Abstract:
Phytochromes constitute a family of photosensory proteins that are utilized by various organisms to regulate several physiological processes. Phytochromes bind a bilin pigment that switches its isomeric state upon absorption of red or far-red photons, resulting in protein conformational changes that are sensed by the organism. Previously, the ultrafast dynamics in bacterial phytochrome was resolved to atomic resolution by time-resolved serial femtosecond X-ray diffraction (TR-SFX), showing extensive changes in its molecular conformation at 1 picosecond delay time. However, the large excitation fluence of mJ/mm2 used in TR-SFX questions the validity of the observed dynamics.
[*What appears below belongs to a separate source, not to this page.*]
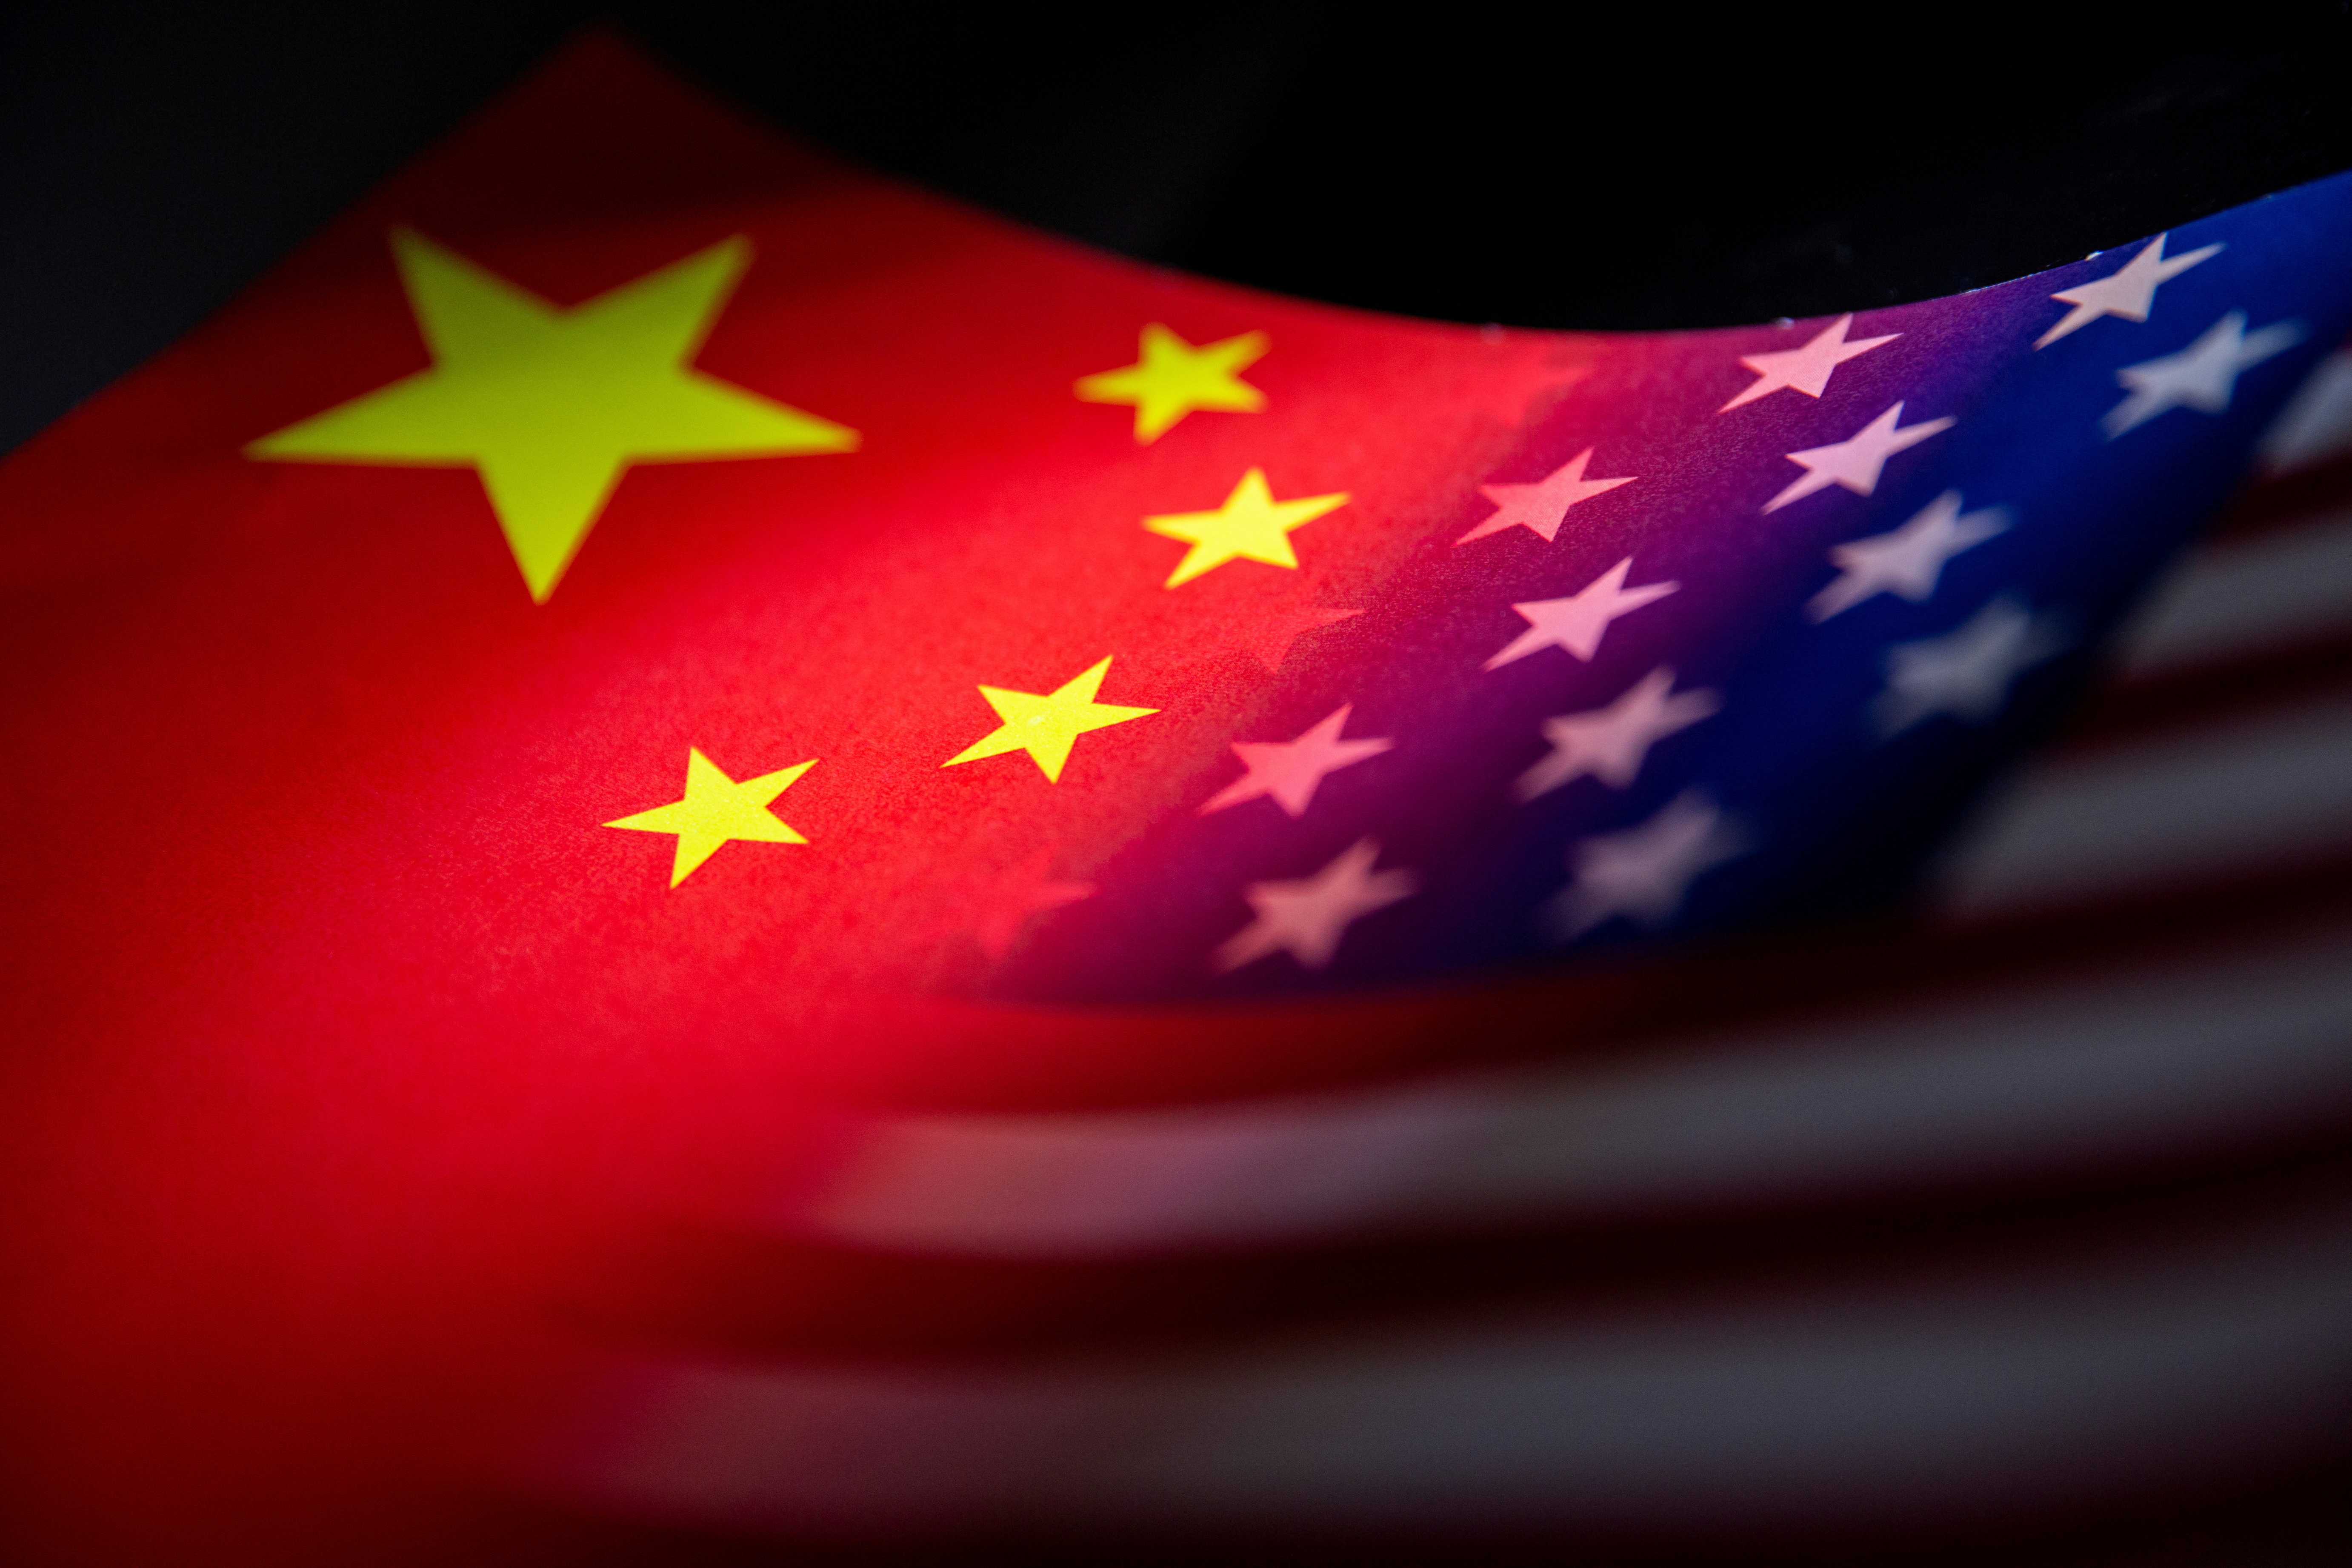 Illustration shows China and U.S. flags

In this work, we present an excitation-dependent ultrafast transient absorption study to test the response of a related bacterial phytochrome to excitation fluence. We observe excitation power-dependent sub-picosecond dynamics, assigned to the population of high-lying excited state Sn through resonantly enhanced two-photon absorption, followed by rapid internal conversion to the low-lying S1 state. Inspection of the long-lived spectrum under high fluence shows that in addition to the primary intermediate Lumi-R, spectroscopic signatures of solvated electrons and ionized chromophore radicals are observed. Supported by numerical modelling, we propose that under excitation fluences of tens of μJ/mm2 and higher, bacterial phytochrome partly undergoes photoionization from the Sn state in competition with internal conversion to the S1 state in 300 fs. We suggest that the extensive structural changes of related, shorter bacterial phytochrome, lacking the PHY domain, resolved from TR-SFX may have been affected by the ionized species. We propose approaches to minimize the two-photon absorption process by tuning the excitation spectrum away from the S1 absorption or using phytochromes exhibiting minimized or shifted S1 absorption.
摘要:
植物色素构成了一系列光感蛋白,被各种生物体用来调节几种生理过程。植物色素结合bilin颜料,在吸收红色或远红色光子时转换其异构状态,导致生物体感觉到的蛋白质构象变化。以前,通过时间分辨串行飞秒X射线衍射(TR-SFX)将细菌植物色素中的超快动力学解析为原子分辨率,在1皮秒延迟时间时显示其分子构象的广泛变化。然而,TR-SFX中使用的mJ/mm2的大激发注量质疑观察到的动力学的有效性。在这项工作中,我们提出了一个激发相关的超快瞬态吸收研究,以测试相关的细菌植物色素对激发注量的响应。我们观察到激励功率相关的亚皮秒动力学,通过共振增强的双光子吸收分配给高激发态Sn的种群,随后快速内部转换为低洼的S1状态。对高通量下的长寿命光谱的检查表明,除了主要的中间Lumi-R,观察到溶剂化电子和电离发色团自由基的光谱特征。在数值模拟的支持下,我们建议在几十μJ/mm2及更高的激发注量下,细菌植物色素部分从Sn状态经历光电离,并在300fs内内部转化为S1状态。我们建议广泛的结构变化相关,较短的细菌植物色素,缺少PHY域,从TR-SFX解析可能受到电离物质的影响。我们提出了通过调节激发光谱远离S1吸收或使用表现出最小化或偏移的S1吸收的植物色素来最小化双光子吸收过程的方法。